Exercise instructions: Could the listing be repeated exactly, with every picture dropped?

Exercise data:
- Opening Delimiter -
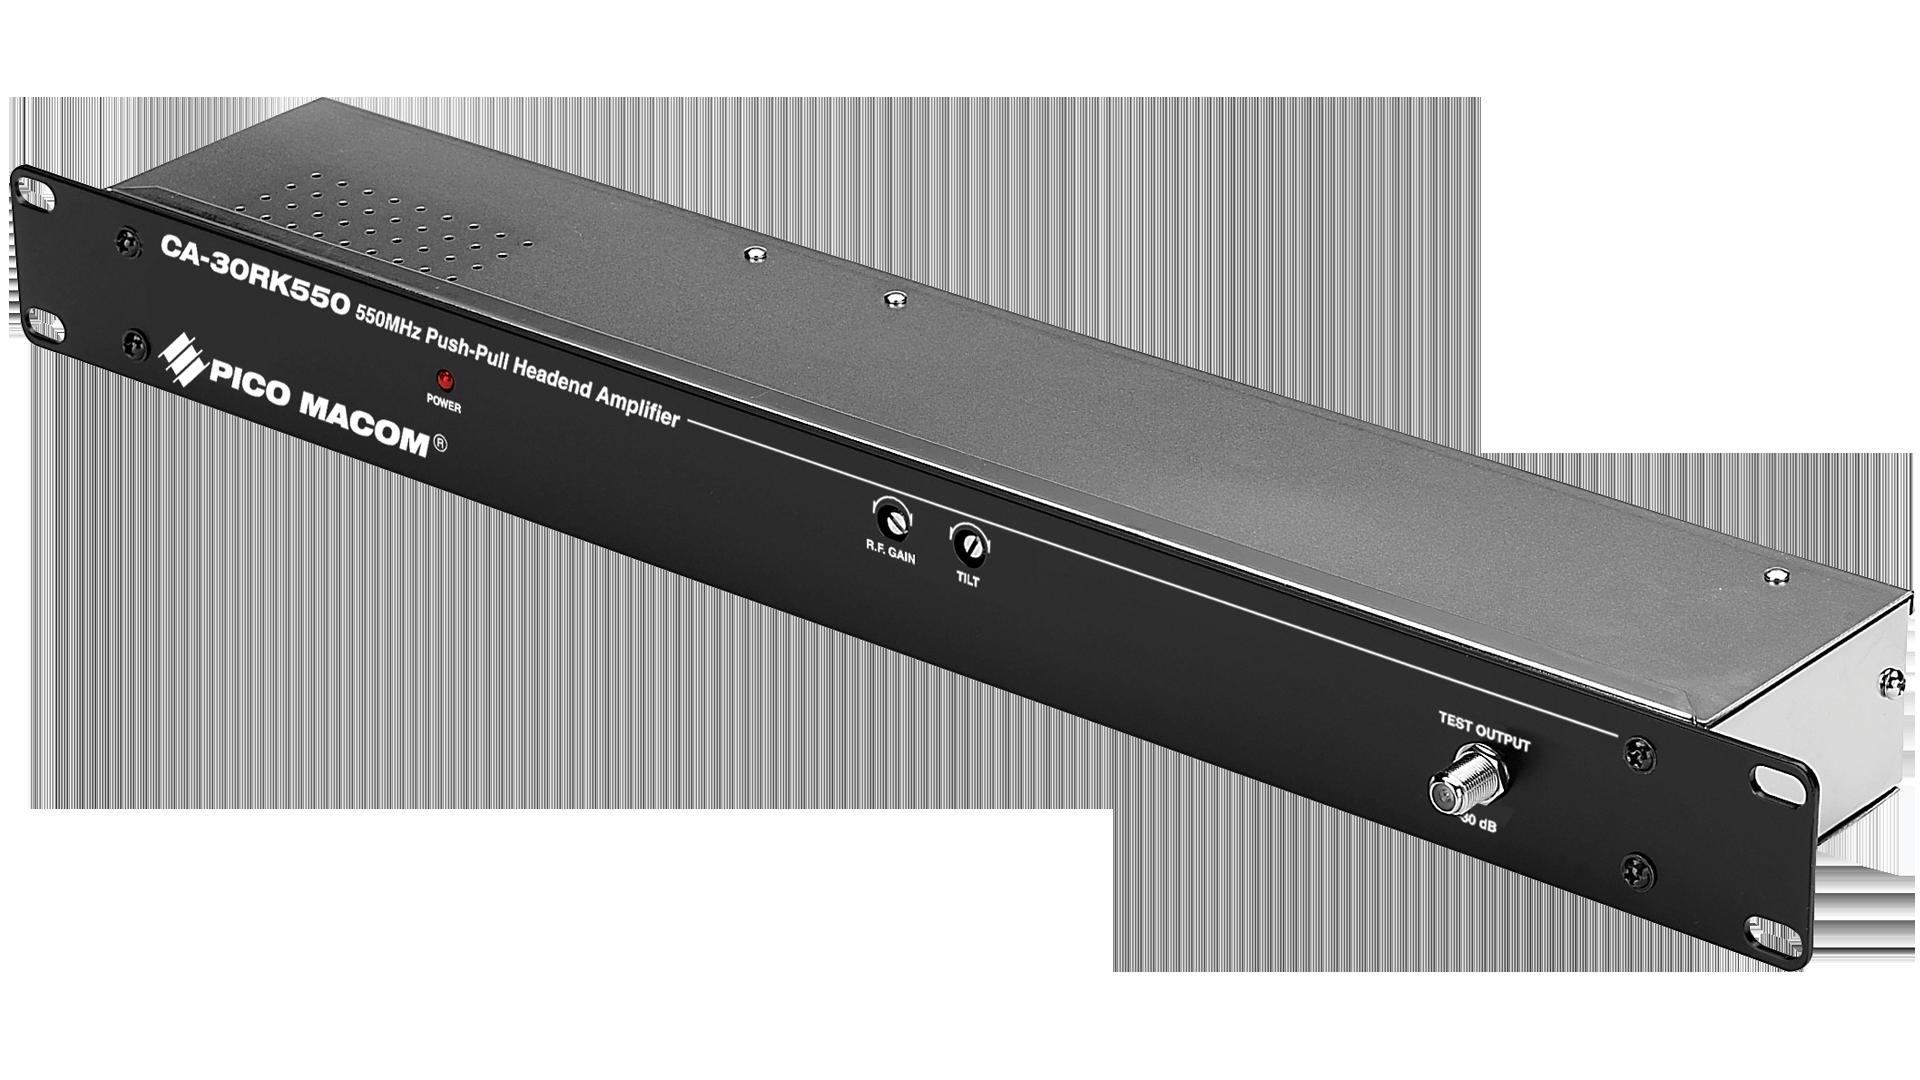 CA-30RK550: 550MHz Push-Pull Headend Amplifier
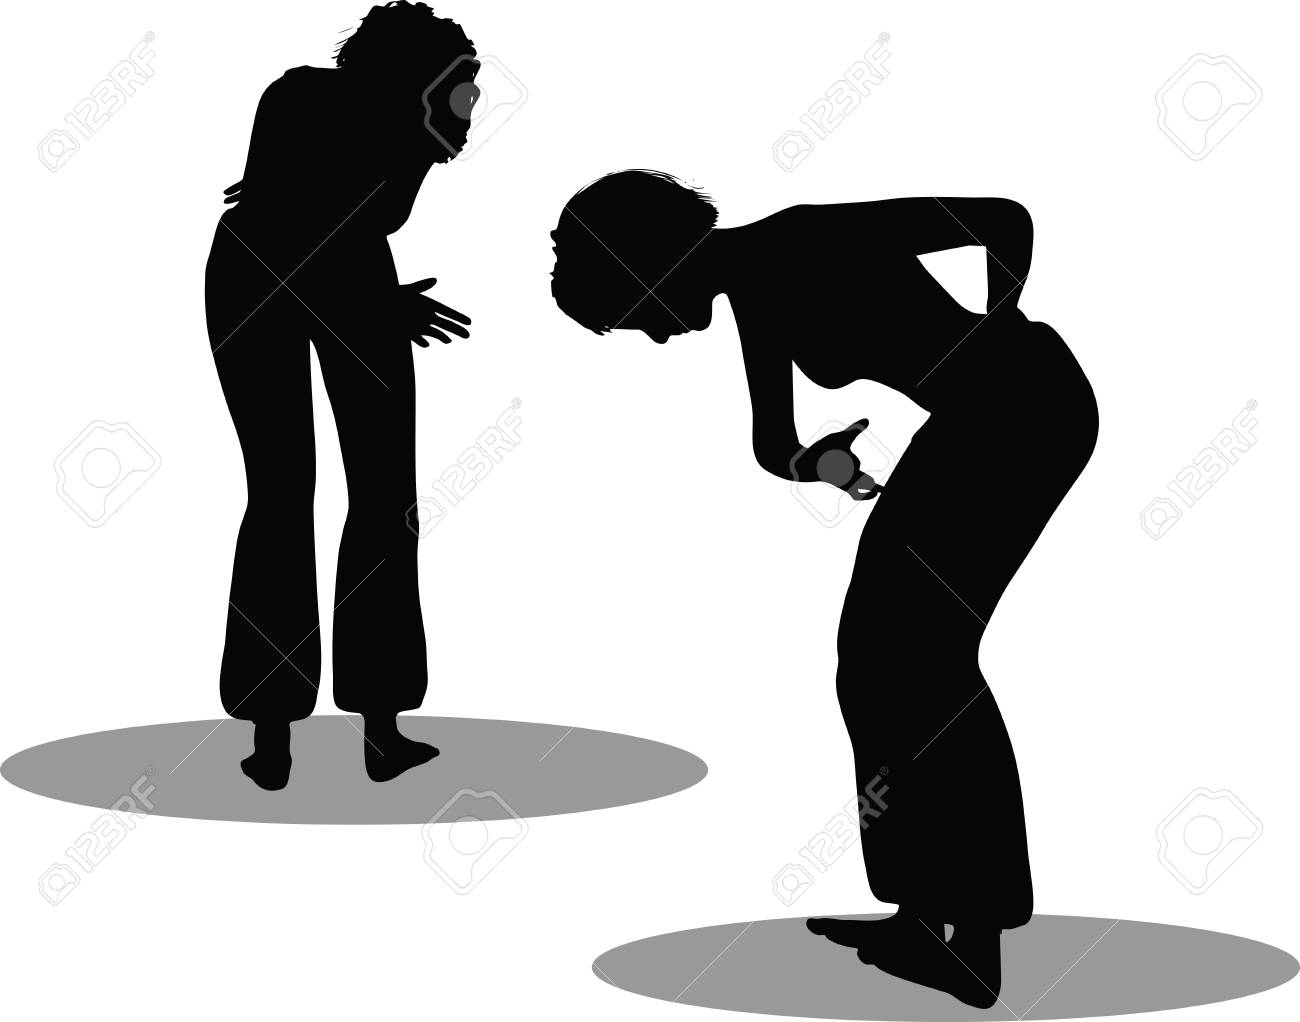 EPS 10 Vector Illustration of dancer woman silhouette Stock Vector - 27172707
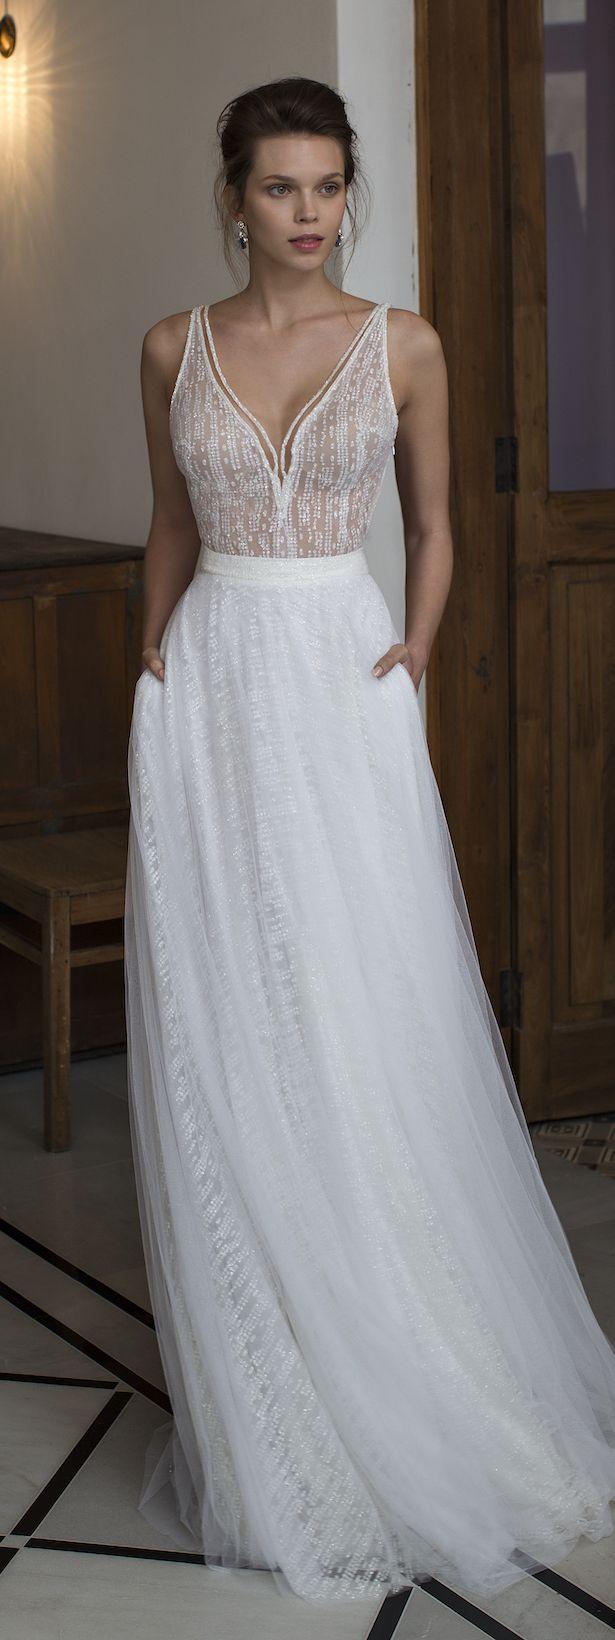 973 best Wedding dresses/ ideas images on Pinterest | Engagements ...
- Closing Delimiter -
Task answer:
 CA-30RK550: 550MHz Push-Pull Headend Amplifier
 EPS 10 Vector Illustration of dancer woman silhouette Stock Vector - 27172707
 973 best Wedding dresses/ ideas images on Pinterest | Engagements ...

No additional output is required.